Post-60’s era was a time of “Je ne sais quoi”; what can you do; I now turn the attention to myself. You’re OK, I’ m Ok. Can’t sit in, teach in or dance to the tune of Hari Krishna forever. Student loan was coming due. Got to graduate, sign up for on-campus job interviews and raise a family. Carly Simon loved her refrain ” and that’s the way I have always heard it should be”… only to later put on belly fat (All in the family lazy chair) which Jane Fonda’s aerobic craze was glad to help.

But only after the malaise of Watergate and the M.I.A. mess from Vietnam were completely exorcised. McCain and band came home. Wait here, please – lines at the VA after skipping the Welcome-Home party as in the Deer Hunter.

Sutherland found himself in war-movies roles such as “The Eagle Has Landed” (Robert Duvall as a zealous German Colonel with an eye patch and a Churchill-kidnapping plan – Sutherland, a professor who infiltrated at a secluded English-coast town). His on-screen role varied from spy to surgeon ( Hawkeye Pierce), who was drafted to Korea.

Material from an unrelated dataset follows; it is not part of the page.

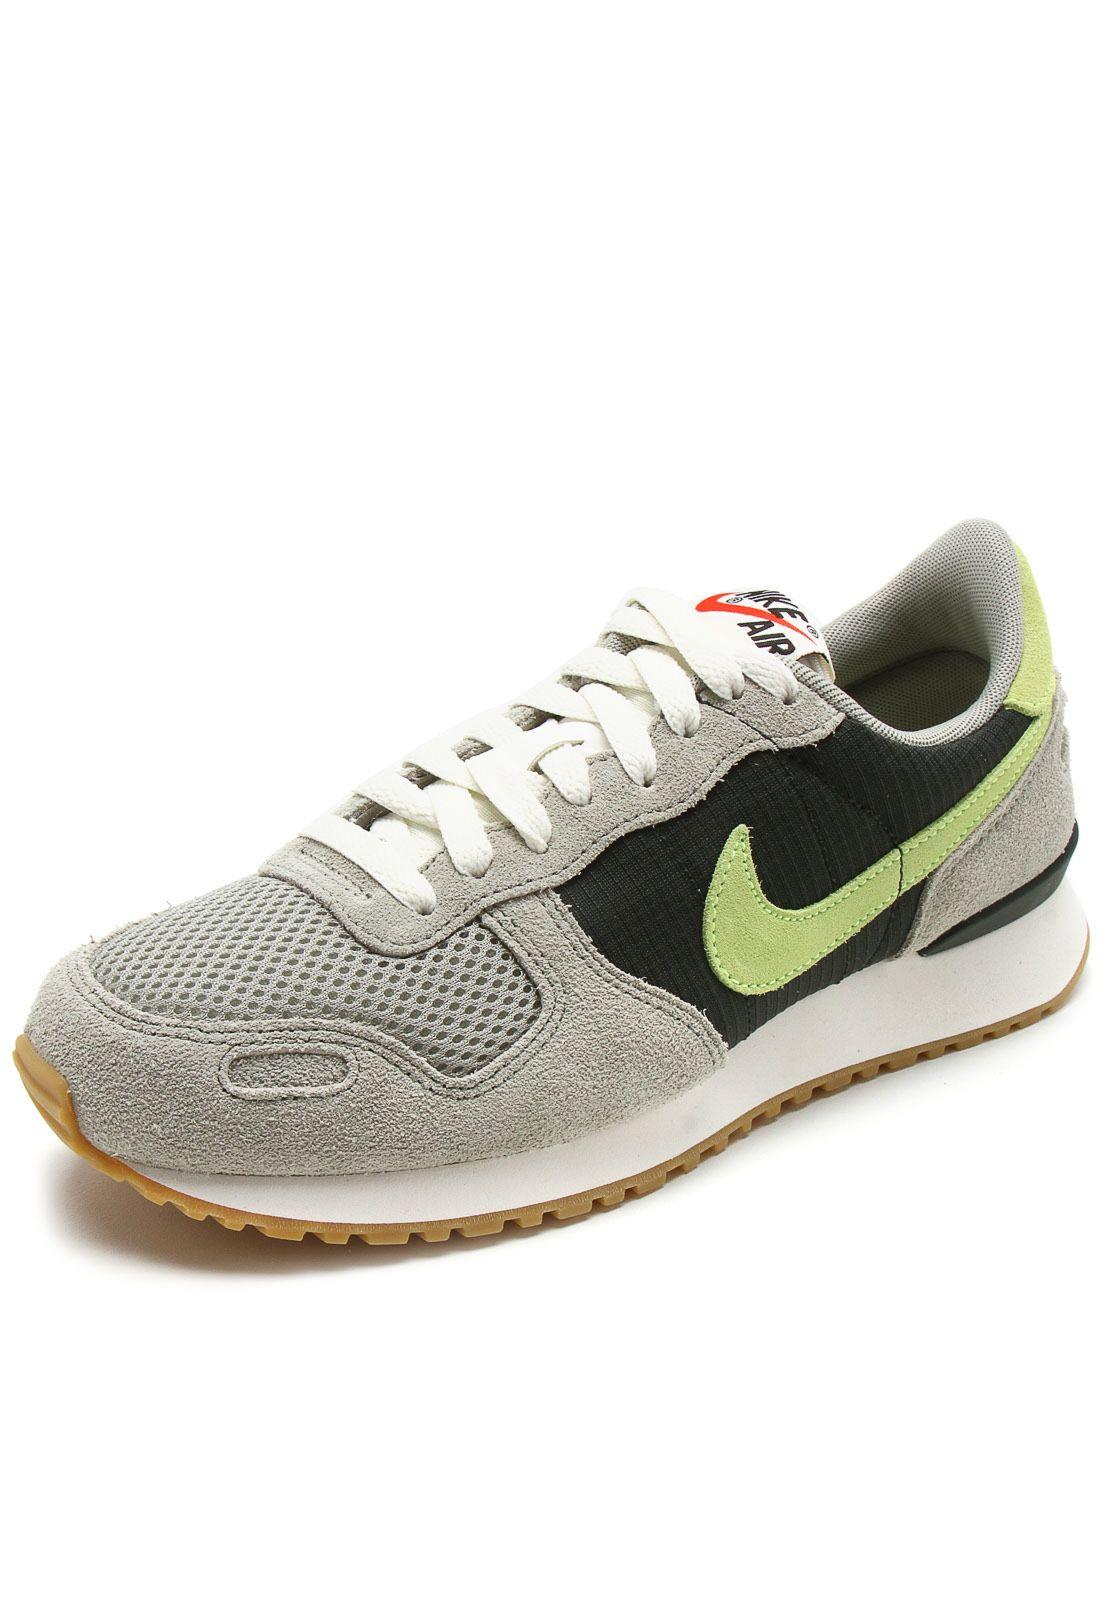 encanto vitamina Tercero  Tênis Nike Sportswear Air Vrtx Verde   Roupas esportivas nike, Nike  sportswear, Nike

Sutherland’s vulnerability ( a spy who left love letter behind) pierced through both screen and shades – not even a John Lennon’s 60’s orange-tint can hide – penetrating without self-justification (that he was of the upper class sensibility ) e.g. professor/spy (Devlin), surgeon (Hawkeye), Counsel to the President (Clark Gifford), Oil Tycoon (Fierce People).

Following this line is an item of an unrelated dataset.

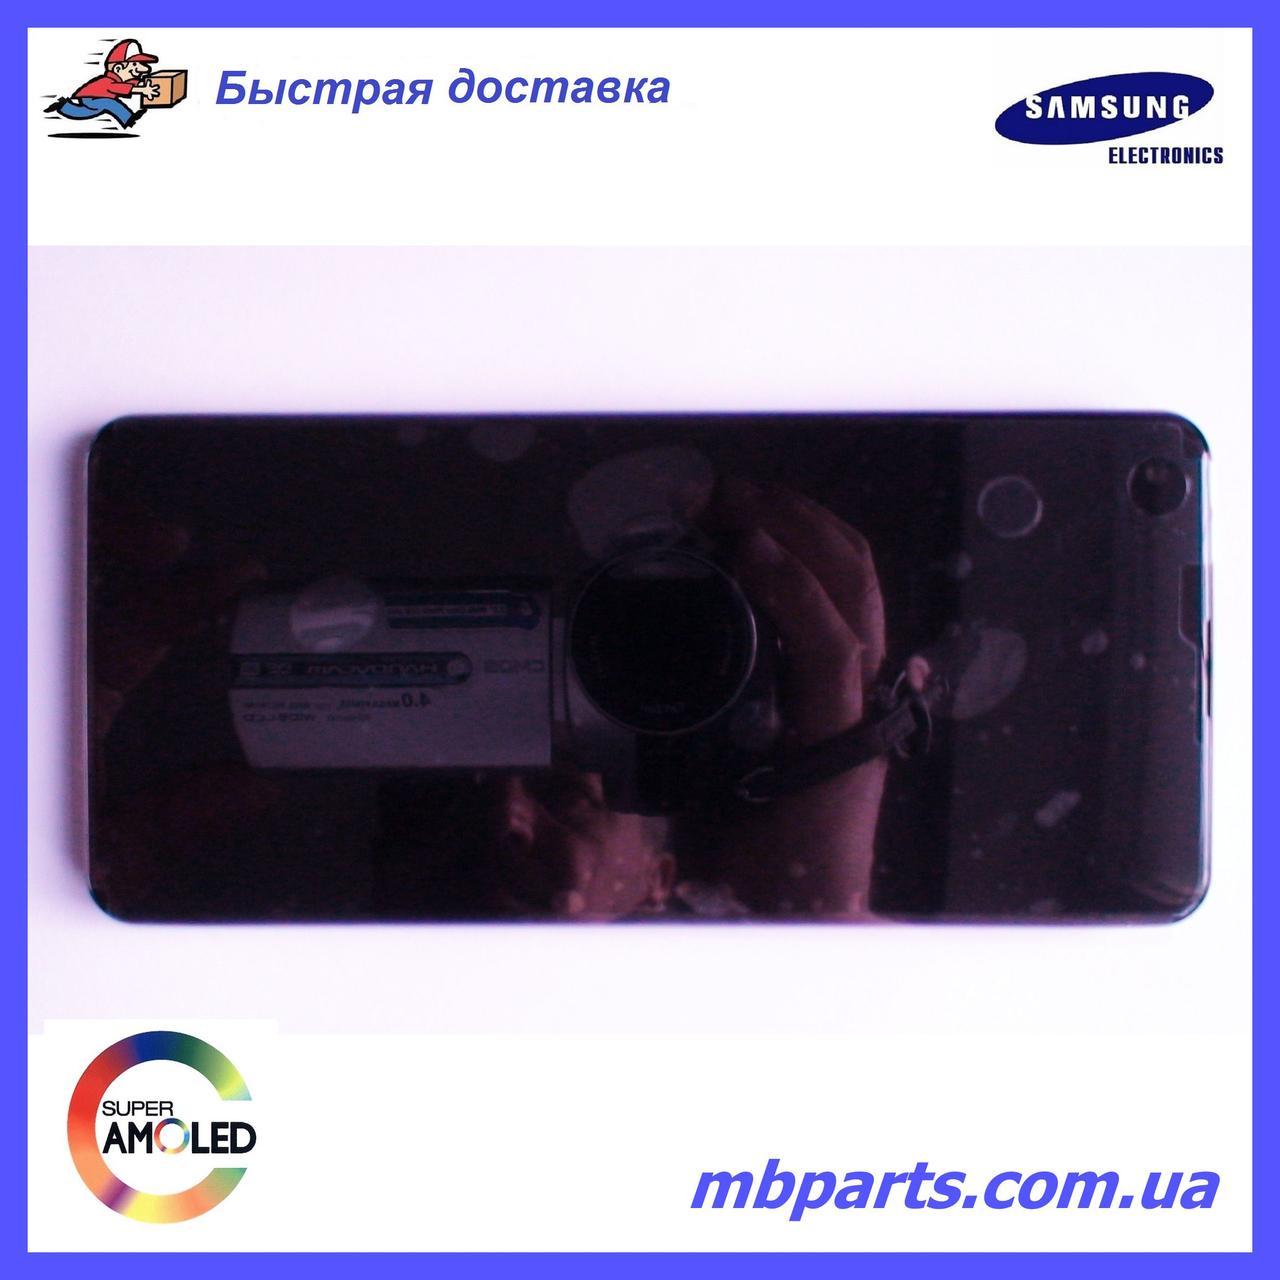 Дисплей с сенсором Samsung А217 Galaxy А21s Black, GH82-22988A, оригинал с рамкой!

There was nothing “ordinary” about him ( even in Redford’s directorial debut Ordinary People), dealing with family tragedy (his favorite other son was drowned in a boating accident). Self-recrimination was so severe that any ordinary thinking Dad would have to face up to it, to mob up. To his other son played by Timothy Hutton “ I will arrange for you to see someone “ that is after swim practice. A rational solution to an emotional problem.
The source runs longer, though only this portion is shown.